Par acte en date du 04 décembre 2023, la SA BNP PARIBAS PERSONAL FINANCE a cédé à la Société par actions simplifiée unipersonnelle EOS FRANCE (la SASU EOS FRANCE) sa créance à l’égard de Madame [P] [O], notifiée à cette dernière par courrier du 20 décembre 2023.
Par acte de commissaire de justice en date du 30 janvier 2025, la Société par actions simplifiée unipersonnelle EOS FRANCE, a fait assigner Madame [P] [O] devant le juge des contentieux de la protection du tribunal judiciaire de Meaux aux fins de :
A titre principal,
➢
Déclarer recevable et bien fondée la Société EOS France venant aux droits de la SA BNP PARIBAS PERSONAL FINANCE, en l’ensemble de ses demandes et conclusions,
➢
Condamner Madame [P] [O] à payer à la SASU EOS FRANCE venant aux droits de la SA BNP PARIBAS PERSONAL FINANCE, la somme de 3.392,12 euros, avec intérêts au taux contractuel de 19,56% l’an, à compter de la mise en demeure du 08 décembre 2023, et jusqu’au jour du complet paiement,
A titre subsidiaire,
➢
Prononcer la résolution judiciaire du contrat de crédit renouvelable sur le fondement des articles 1224 et suivants du code civil, ➢Condamner Madame [P] [O] à payer à la SASU EOS FRANCE venant aux droits de la SA BNP PARIBAS PERSONAL FINANCE, l’intégralité des sommes prêtées au titre des différents financements, et ce au titre des restitutions qu’implique la résolution judiciaire du contrat, déduction faîte des règlements d’ores et déjà intervenus,
En tout état de cause,
➢
Condamner Madame [P] [O] à payer à la SASU EOS FRANCE venant aux droits de la SA BNP PARIBAS PERSONAL FINANCE la somme de 500 euros au titre de l’article 700 du code de procédure civile et aux entiers dépens de l’instance ?➢Rappeler l’exécution provisoire de droit attachée à la présente décision.

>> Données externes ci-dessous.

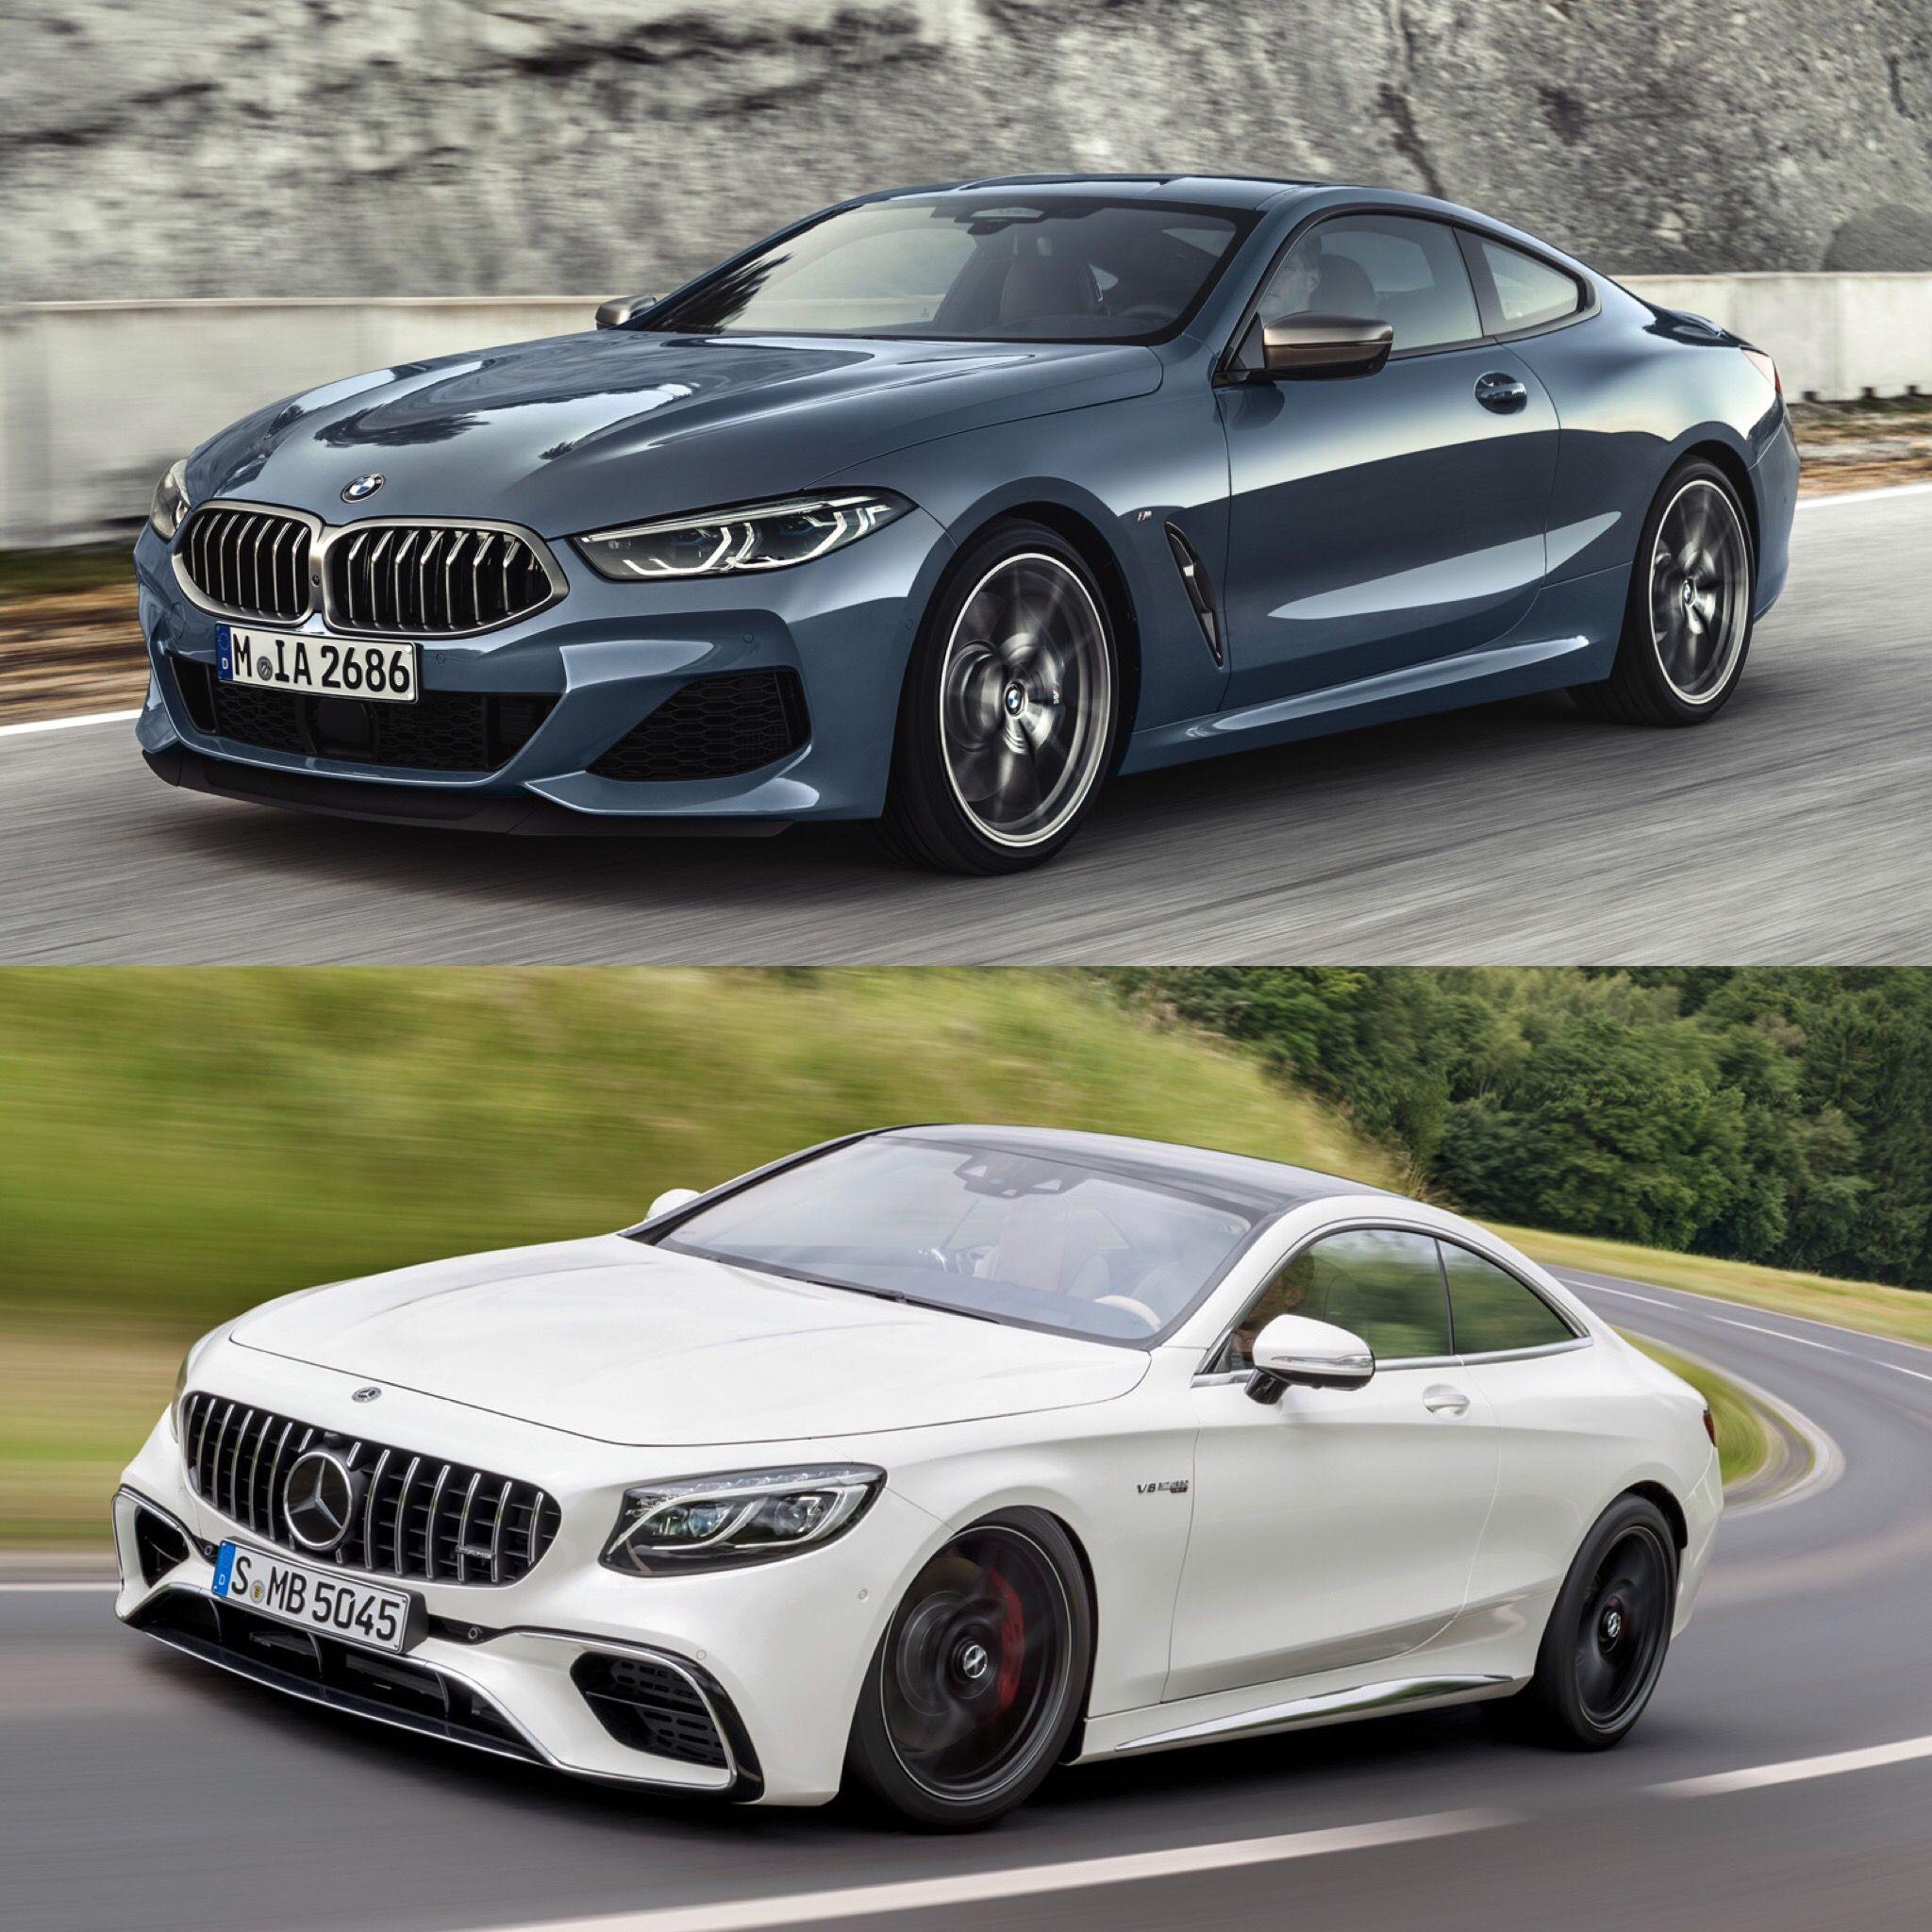 Photo Comparison: BMW M850i Vs Mercedes-AMG S63 Coupe

A l’audience du 17 septembre 2025, la SASU EOS FRANCE, représentée, maintient ses demandes.
Elle indique que les mensualités de l’emprunt n’ont pas été régulièrement payées, ce qui l’a contraint à prononcer la déchéance du terme, rendant la totalité de la dette exigible. Subsidiairement, elle expose, sur le fondement des articles 1224 et suivants du code civil, que Madame [P] [O] a manqué à ses obligations contractuelles en ne payant pas les échéances. Elle précise que la forclusion biennale n’est pas encourue, le premier incident de paiement non régularisé se situant au 06 février 2023, et qu’elle est dès lors bien fondée à obtenir la condamnation de la défenderesse au paiement du solde des sommes dues augmentées des intérêts au taux contractuel, au visa des articles L311-1 et suivants du code de la consommation.
Elle a également pu émettre ses observations sur le respect des règles d’ordre public fixées par le code de la consommation.
Madame [P] [O], régulièrement assignée par procès-verbal de recherches infructueuses, selon les dispositions de l’article 659 du code de procédure civile ne comparait pas et n’est pas représentée.
L’affaire a été mise en délibéré à la date du 19 novembre 2025 par mise à disposition au greffe du tribunal.
MOTIFS DE LA DECISION
Aux termes de l’article 472 du code de procédure civile, si le défendeur ne comparaît pas, il est néanmoins statué sur le fond. Le juge ne fait droit à la demande que dans la mesure où il l’estime régulière, recevable et bien fondée.
En l’espèce, Madame [P] [O] assignée par procès-verbal de recherches infructueuses, ne comparait pas et n’est pas représentée à l’audience. Dès lors, la décision n’étant pas susceptible d’appel, il y a lieu de statuer par jugement rendu par défaut en application de l’article 473 du code de procédure civile.
Sur la demande principale
Sur l’office du juge
En application de l’article R632-1 du code de la consommation, le juge peut soulever d’office toutes les dispositions de ce code dans les litiges nés de son application.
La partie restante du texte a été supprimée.